Asian-Australas J Anim Sci.. 2017;30(10):1405-1409
Publication date (electronic) : 2017 April 19
doi : https://doi.org/10.5713/ajas.16.0868
1Division of Food Bio Science, Korea Nokyong Research Center, Konkuk University, Chungju 27478, Korea
2National Institute of Animal Science, RDA, Sunghwan 31000, Korea
a

These authors contributed equally to this work.

*Corresponding Author: Sang Ho Moon, Tel: +82-43-840-3527, Fax: +82-43-840-3516, E-mail: moon0204@kku.ac.kr
Received 2016 November 11; Revised 2017 March 3; Accepted 2017 April 10.

Abstract

Objective

This experiment was to determine proper physical traits in the diet for goats by investigating the effects of physically effective neutral detergent fiber (peNDF) content on dry matter intake (DMI), digestibility, and chewing activity in black goats fed with total mixed ration (TMR).

Methods

Six growing wethers of Korean native black goats (Capra hircus coreanae) aged 8 months and weighing between 26.9 kg and 27.1 kg (27.03±5.05 kg) were used in this experiment. Three diets of varying peNDF content were obtained by original TMR (T1), 12,000 rpm grinding (T2), and 15,500 rpm grinding (T3) of the same TMR diet.
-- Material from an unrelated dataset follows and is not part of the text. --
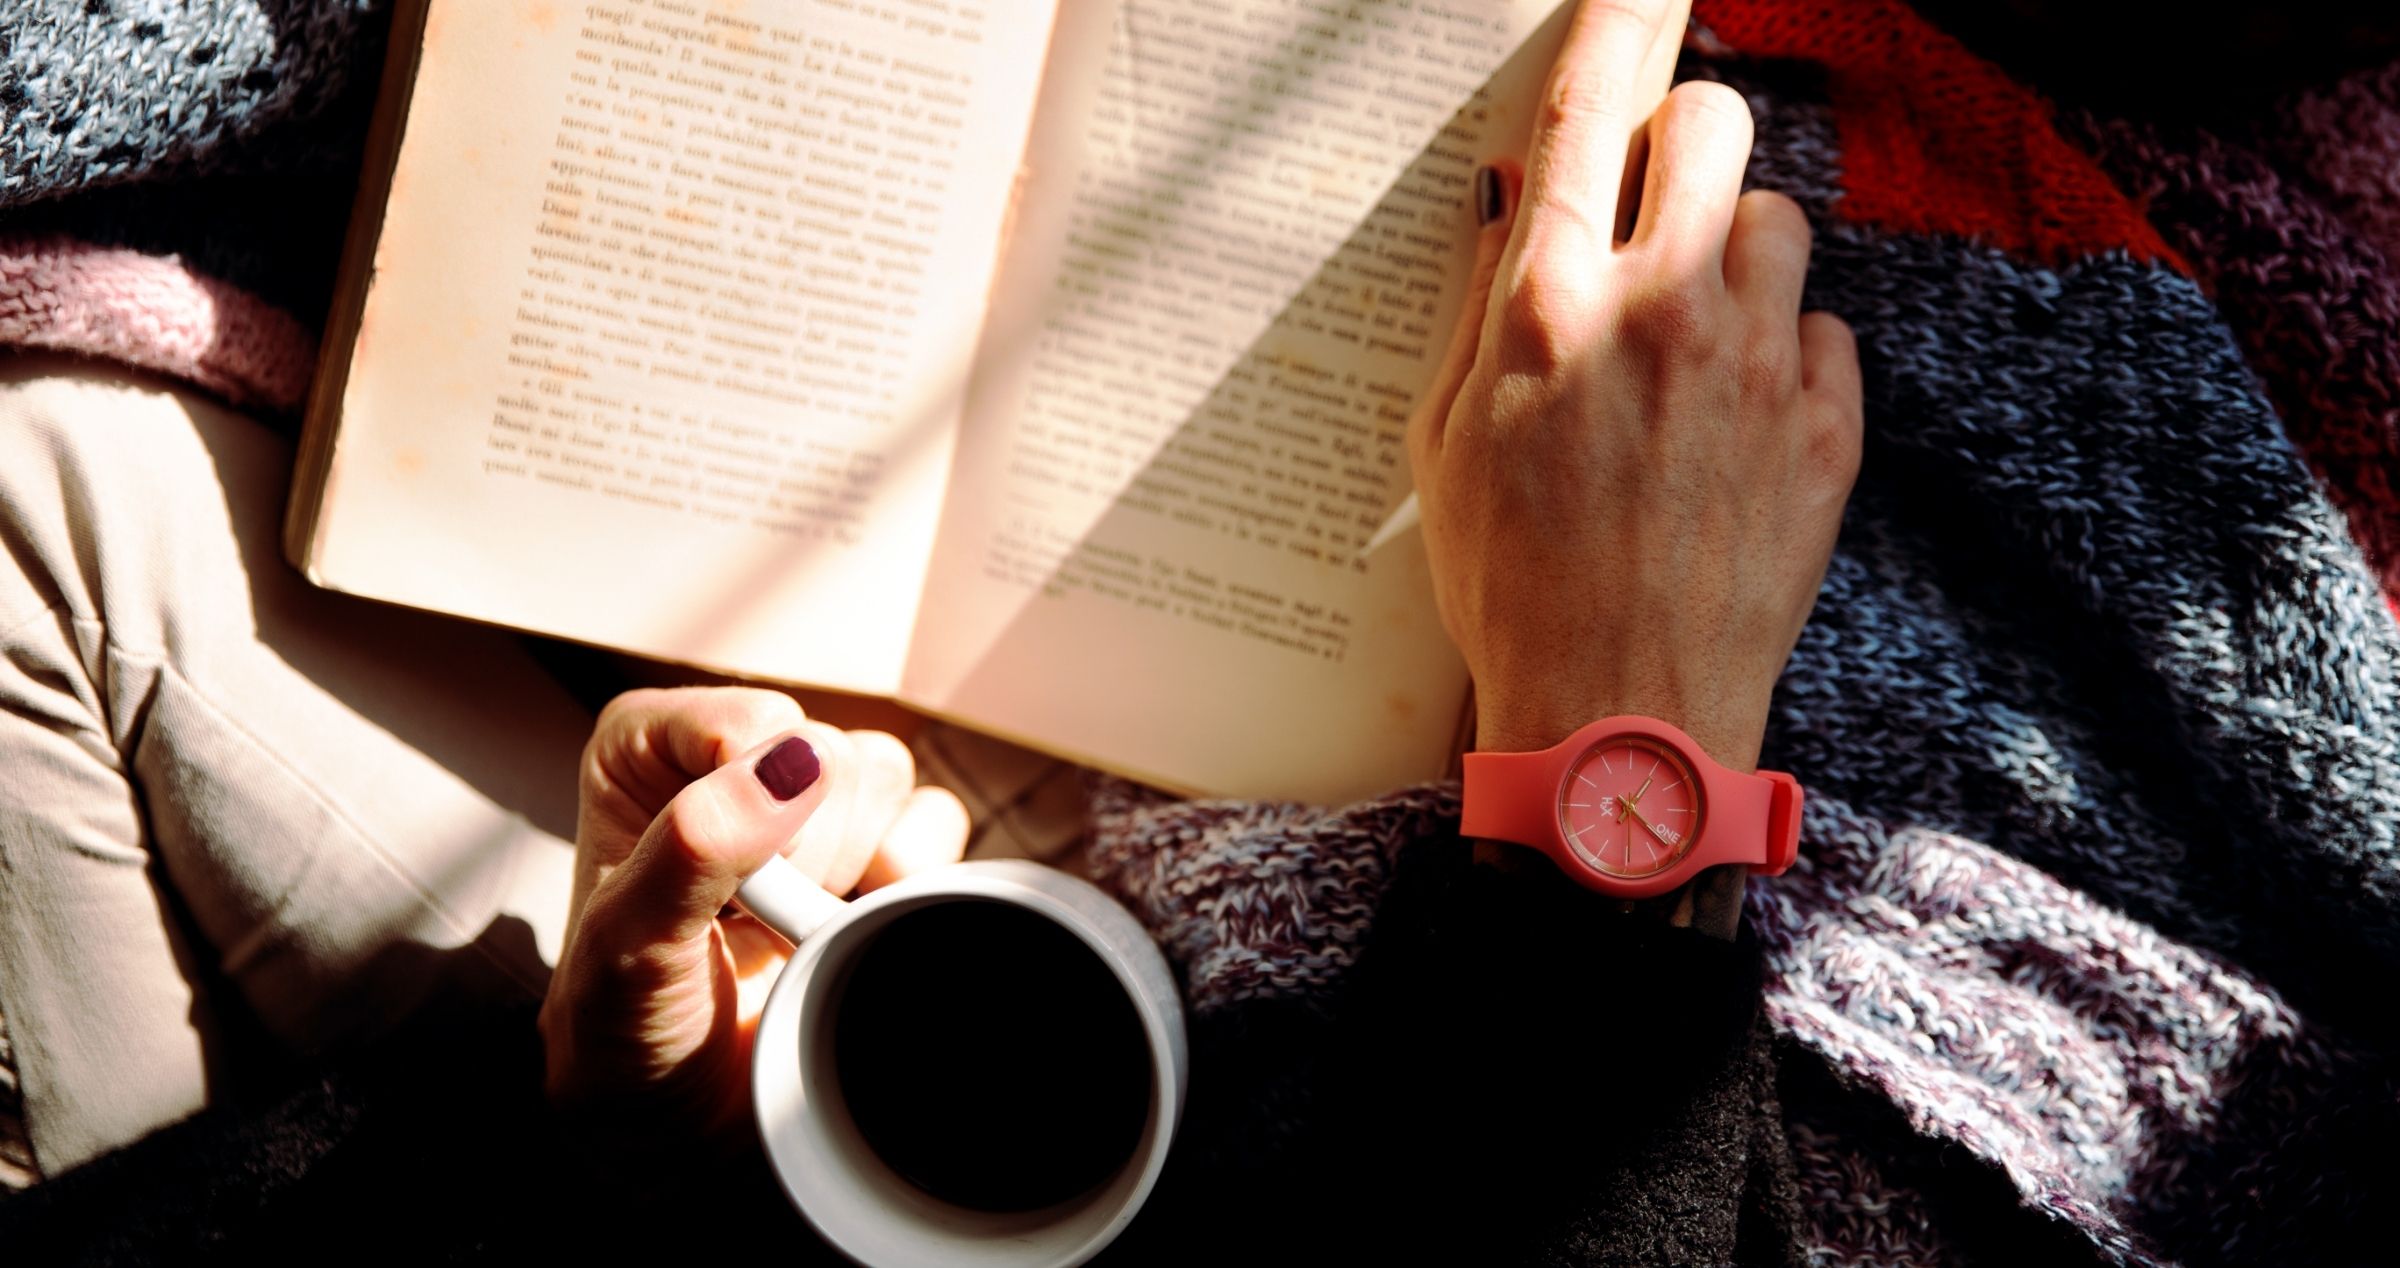 Female hands holding a book and a cup of coffee

The peNDF1.18 content of the experimental diets was 23.85%, 21.71%, and 16.22% for T1, T2, and T3, respectively.

Results

Average daily gain (ADG) was higher in T2 group compared to those of the control and T3 groups, but ADG and DMI were not affected by the dietary particle size and peNDF content. Also, there was no difference between apparent nutrient digestibility of dry matter, crude fiber, ether extract, neutral detergent fiber, and acid detergent fiber. Although there was no significant difference, rumination and total chewing time were associated with decreased peNDF content.

Conclusion

The feeding of peNDF-based TMR showed no impact on apparent nutrient digestibility and nitrogen balance. Further studies are required with a wider range of dietary peNDF level and particle size to better identify the effect of dietary peNDF and particle size on chewing activity and performance in goats.

INTRODUCTION

A demand for goat meat has increased in both developing and developed countries, resulting in a rising number of livestock producers raising goats. However, there has been little research on goats and goat products compared to other ruminants such as cattle, and sheep, even though goats have been significantly rolled into food and in economic security over the world [1]. Goats have been traditionally raised for meat production in Korea and this has increased over the last decade due to a rising demand for goat meat, being a healthier option as well as the migration of Chinese people in Korea. Korean native goat (KNG, Capra hircus coreanae) is the main breed for goat meat production in Korea and most of them are predominantly black [2]. However, this species is low in productivity as well as in average daily gain (ADG) with about 50 to 70 g/d [3] compared to other breeds such a boar (about ADG of 124 g) for meat production [4]. This is mainly due to a lack of breed improvement and improper feeding management. Therefore, it is necessary to improve the productivity of KNG for the sustainability of the goat industry.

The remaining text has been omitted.